018. D2- Your crush/significant other 08/24/2010
I don't know where the sunbeams end and where the starlight begins.
It's all a mystery.
Dear Ben,
So, we're not currently "together." But I guess we're not really apart, either. It's difficult to say. We broke up because we rushed it. Now that we've slowed down, and we've kissed and admitted our feelings again, things are at a standstill. The truth is that I don't mind.
I was SO sick of being slobbered all over by clueless guys who didn't challenge me. It's an insult to my intelligence when a guy says all the things he thinks I want to hear. You're not like that. You match me wit for wit. I have to work for it just as much as you do. It feels good.
It's cool to know I can get my shit together before anything serious happens. We did rush the last time.
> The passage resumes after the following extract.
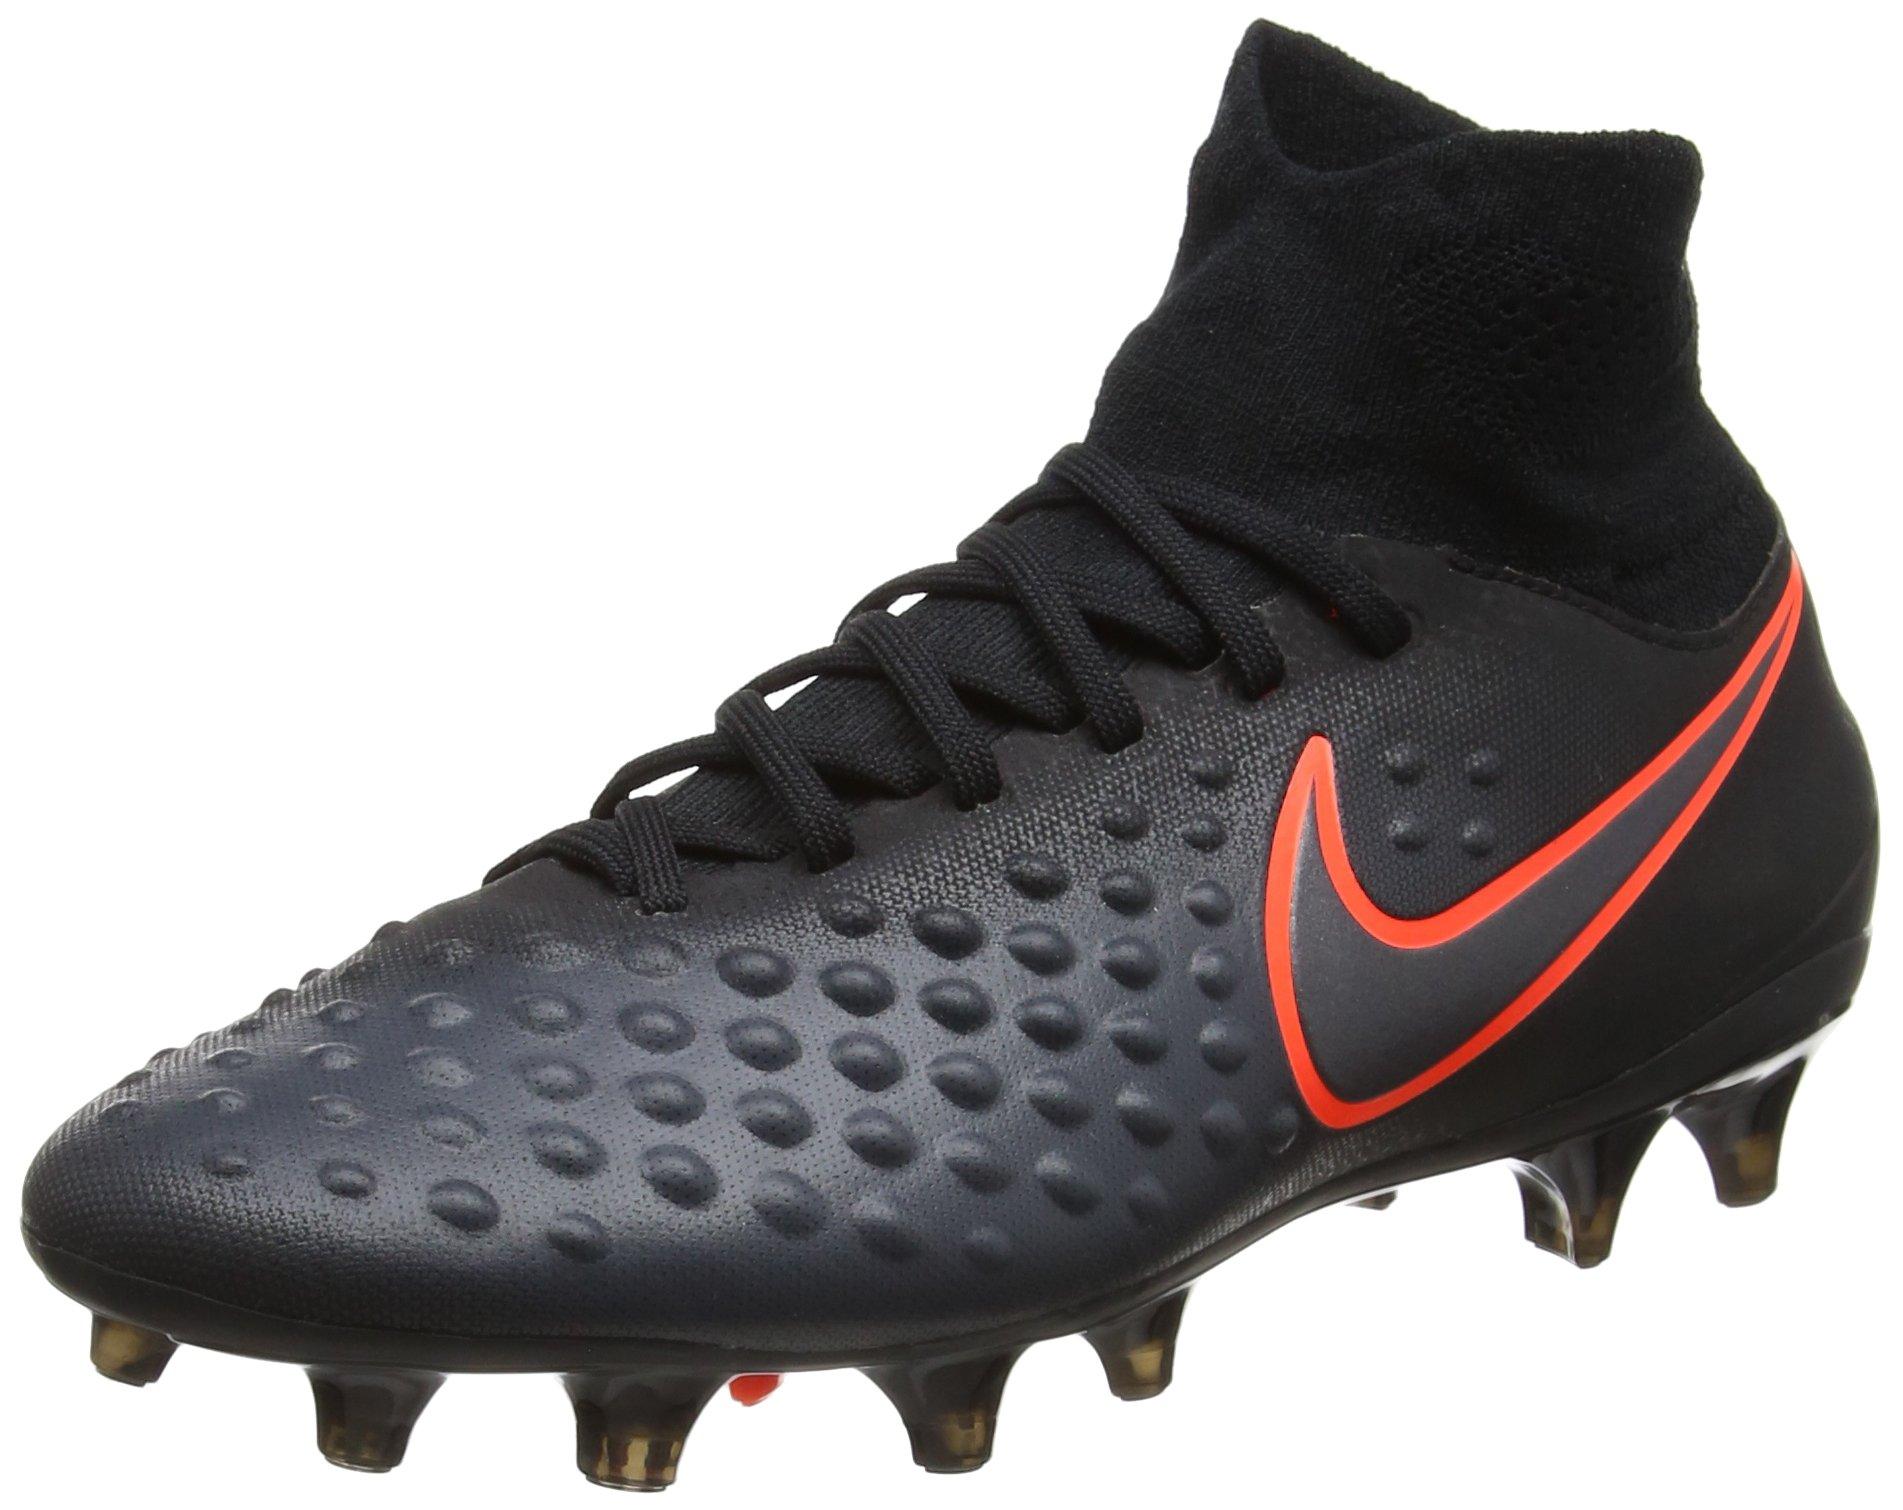 Nike Kids Magista Obra II FG Black/Total Crimson Shoes - 4.5Y

We weren't ready to officially be together and to use that "relationship" word, and I think it was super mature of us to back down and slow up. To be honest, I wish I could tell you right now that I'm ready to give us another shot...but I'm not ready if you're not.
I know that we're both damaged goods, and we're both having trouble getting over what evil exes did to us. Maybe we should both take stock of this. I'm not her. You're not him. It's a different time, we're two different people.
All I know is this: I'm digging this feeling of knowing again that when I see you, I can kiss you. And you best believe I'm looking forward to the next one, Bender.